Чтобы увидеть ягоду и выбрать ее нежными пальцами со стебля, прошла Марьятта немного по тропе, глядь — брусника на большом камне под деревом: вроде бы и на ягоду похожа, вот только выросла странно — с земли ее не взять — высоко, а с дерева — слишком низко. Подняла девица прутик и сбила им ягоду на землю. С земли прыгнула брусника сама Марьятте на башмачок, с башмачка вскочила на колено, оттуда — на оборку платья, потом — на медный поясок, с пояса — на грудь, с груди прыгнула на подбородок, а с подбородка — прямо в нежные губы: скользнула брусника девице в рот, покатилась по языку в горло и прошла во чрево. От этой брусники понесла красавица Марьятта, и отяжелела ее утроба.
Вскоре пришлось девице оставить пояса и тайком ото всех ходить в баню. Глядя на это, задумалась мать: отчего это дочка Марьятта гуляет в платьях без пояса и украдкой во мраке бегает в баню? А тут как раз подоспел десятый месяц и настало время красавице рожать.
Стало чрево томить деву сильною мукой, и обратилась Марьятта к матушке:
— Согрей мне, дорогая, в бане потеплее местечко, чтобы смогла я родить и обмыть дитятю!
Но ответила ей гневно мать:
— Прочь ступай, блудница Хийси! Ничем тебе не помогу, пока не скажешь, с кем лежала! Холостой он молодец или женатый муж?
— Не зналась я ни с женатым, ни с холостяком, — сказала бедная Марьятта. — Сорвала я на пригорке бруснику, проглотила ее и отяжелела.

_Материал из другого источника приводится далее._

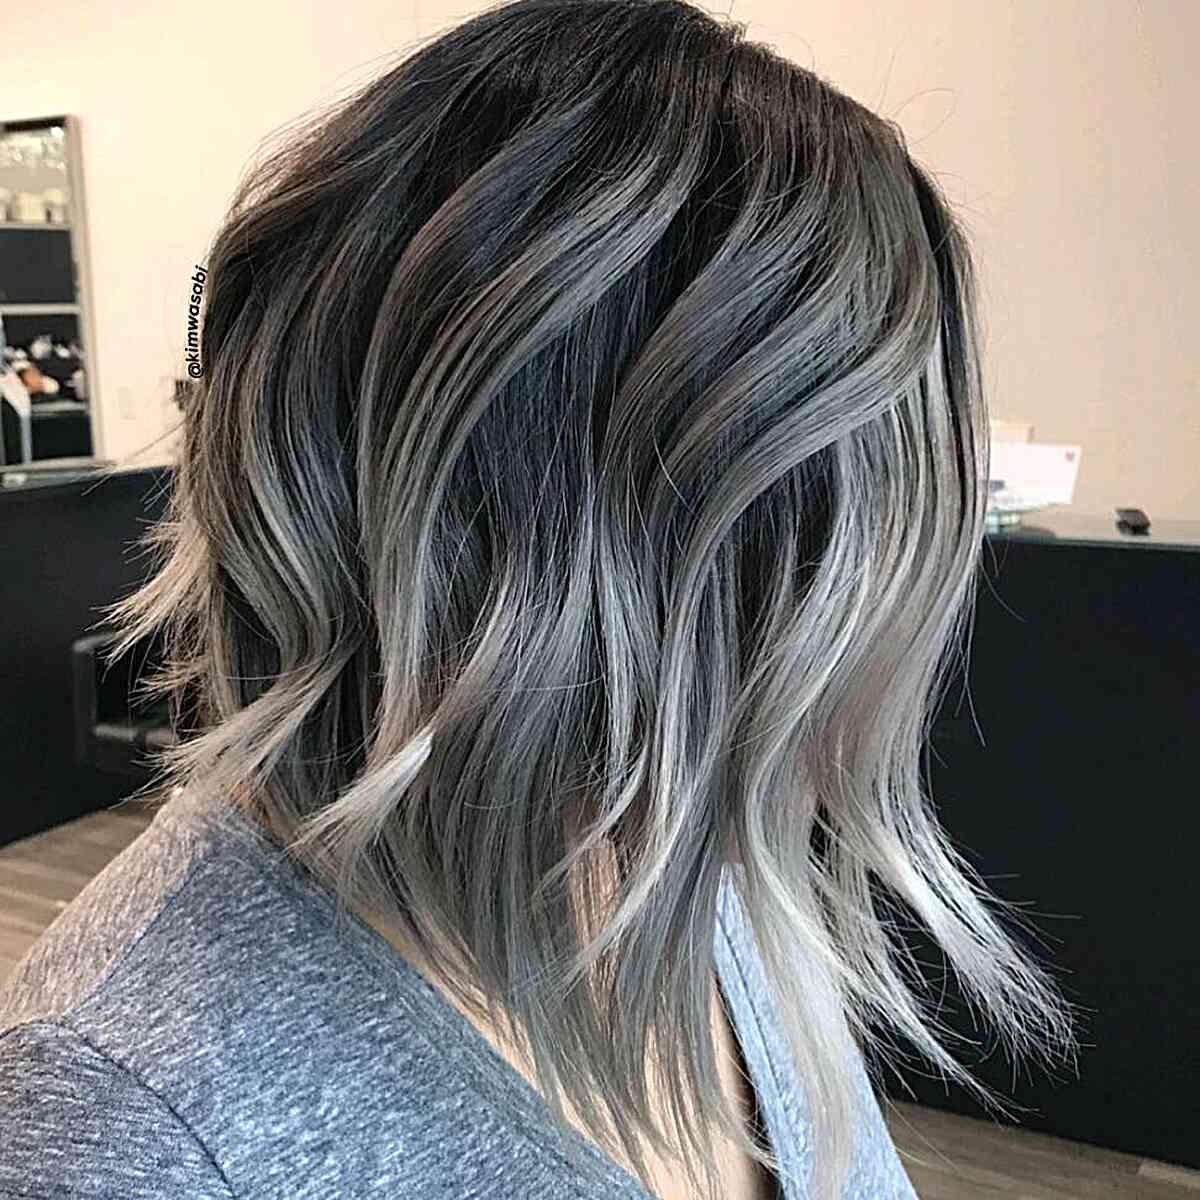 Black to Silver Ombre Textured Lob

Не поверила ей мать, и пошла тогда Марьятта к отцу — просить его о бане. Но разгневался отец пуще матери и сказал грозно дочери:
— Уходи прочь, блудница! Ступай, презренная, рожать в медвежью берлогу, чтобы растерзал там тебя когтями зверь!
— Нисколько я не блудница и презирать меня не за что, — ответила достойно дева. — А рожу я великого героя, который будет сильнее даже самого Вяйнемёйнена!
Не зная, в какую дверь ей стучать, послала Марьятта добрую служанку Пилтти в деревню, чтобы попросила она соседей о бане, где смогла бы бедняжка разрешиться от бремени.
— Но к кому мне бежать? — спросила Пилтти. — У кого искать помощи?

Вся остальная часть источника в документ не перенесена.